Rakyat menyambutnya tanpa pagar-pagar panjang. Tak ada protokoler yang mengusir pedagang kecil. Tak ada perasaan terintimidasi saat ia datang ke gampong. Roky justru hadir sebagai bagian dari masyarakat, bukan bagian dari elit kekuasaan yang merasa lebih tinggi.

Dan ya, jangan lupakan satu hal yang jarang dimiliki pemimpin hari ini: kecintaannya pada olahraga. Roky bukan hanya menyuruh orang lain berolahraga, tapi ia sendiri ikut turun. Dari lapangan bola hingga kegiatan pemuda, ia bukan hanya pengunjung acara, tapi bagian dari semangat itu sendiri. Bukan penonton, tapi pelaku. Karena ia paham, olahraga bukan hanya alat pencitraan, tapi jalan membangun karakter dan daya juang generasi.

Kini, kondisi berubah drastis.
Kita dipimpin oleh mereka yang terlalu sibuk membangun panggung, tapi lupa membangun pondasi. Yang lebih ahli membuat konten daripada membuat kebijakan. Rakyat tidak lagi merasa memiliki pemimpin. Yang ada hanyalah jarak dan layar.

Masalah-masalah mendasar seperti jalan rusak, akses air bersih, gaji honorer yang tersendat, gaji aparat gampong tertahan, ditanggapi bukan dengan kebijakan, tapi dengan klarifikasi estetik. Setiap kritik dibalas dengan video narasi.
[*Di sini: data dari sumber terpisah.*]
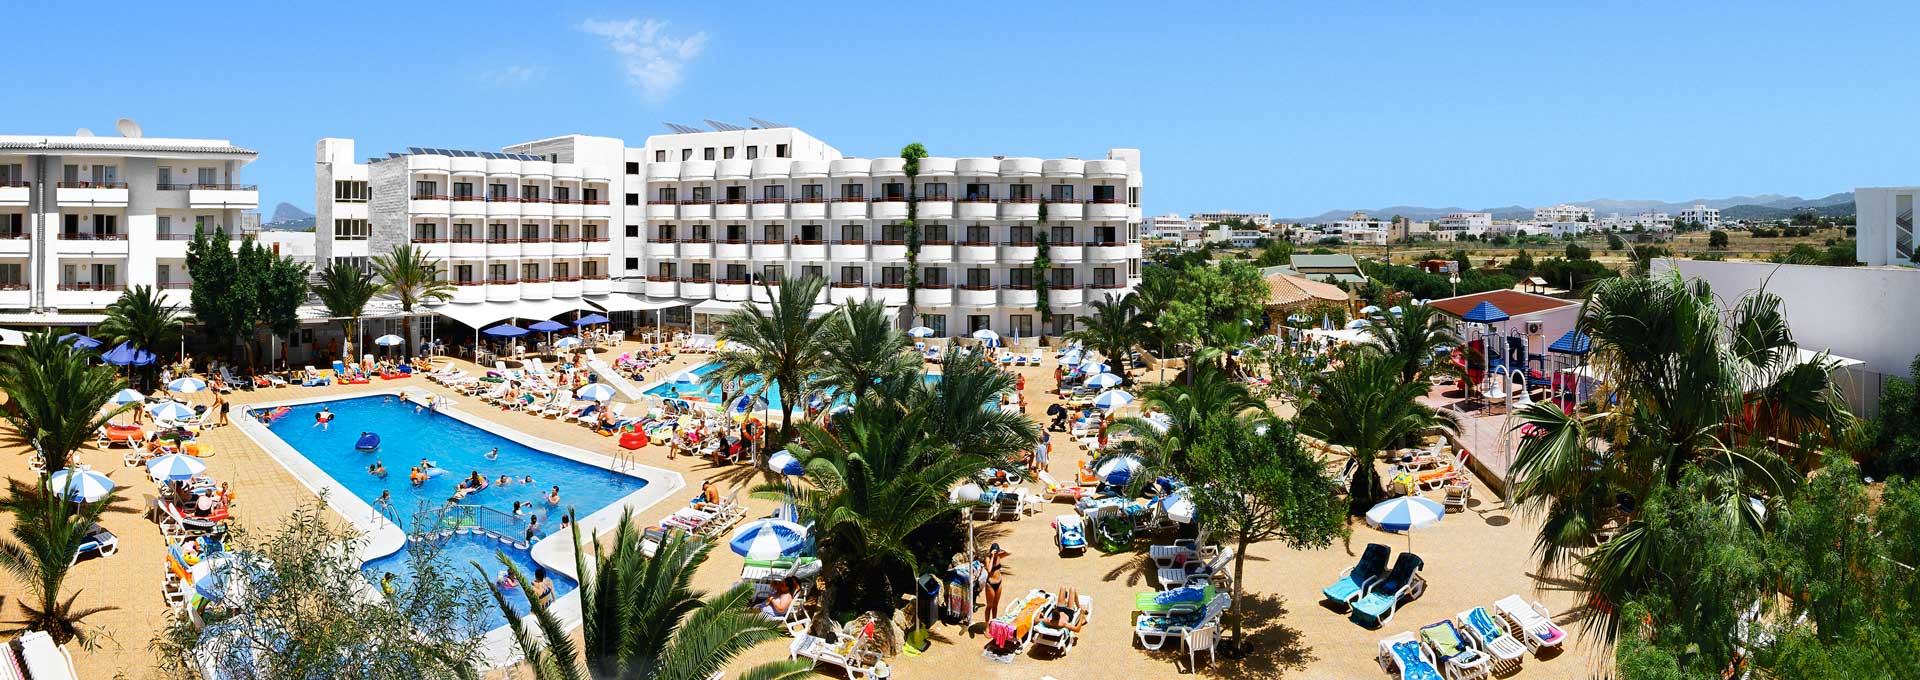 Resort Hotel and Apartments, Coral Star Ibiza - Grupo Star Resorts

Setiap fakta ditutup dengan konferensi pers yang lebih fokus pada penyelamatan nama baik.

Kami tidak butuh itu.
Kami butuh keberpihakan.
Kami butuh kehadiran.
Kami butuh kejujuran.
Kami butuh seorang seperti Roky.

Kami rindu masa ketika rakyat bicara, pemimpin mendengar. Bukan zaman seperti sekarang, di mana rakyat bicara, pemimpin sibuk melihat engagement post terakhirnya.

Kami rindu masa ketika program bukan dimulai dari desain flyer, tapi dari pertemuan dengan rakyat.
Kami rindu masa ketika satu keputusan penting bisa diambil dalam ruang musyawarah, bukan dalam ruang editing video.

Karena kami percaya, kekuasaan yang baik tidak butuh kamera. Ia cukup hidup dalam kerja.
Dan Roky, dengan segala kekurangannya sebagai manusia biasa, telah membuktikan satu hal sederhana:
menjadi pemimpin itu bukan soal tampil, tapi soal bertanggung jawab.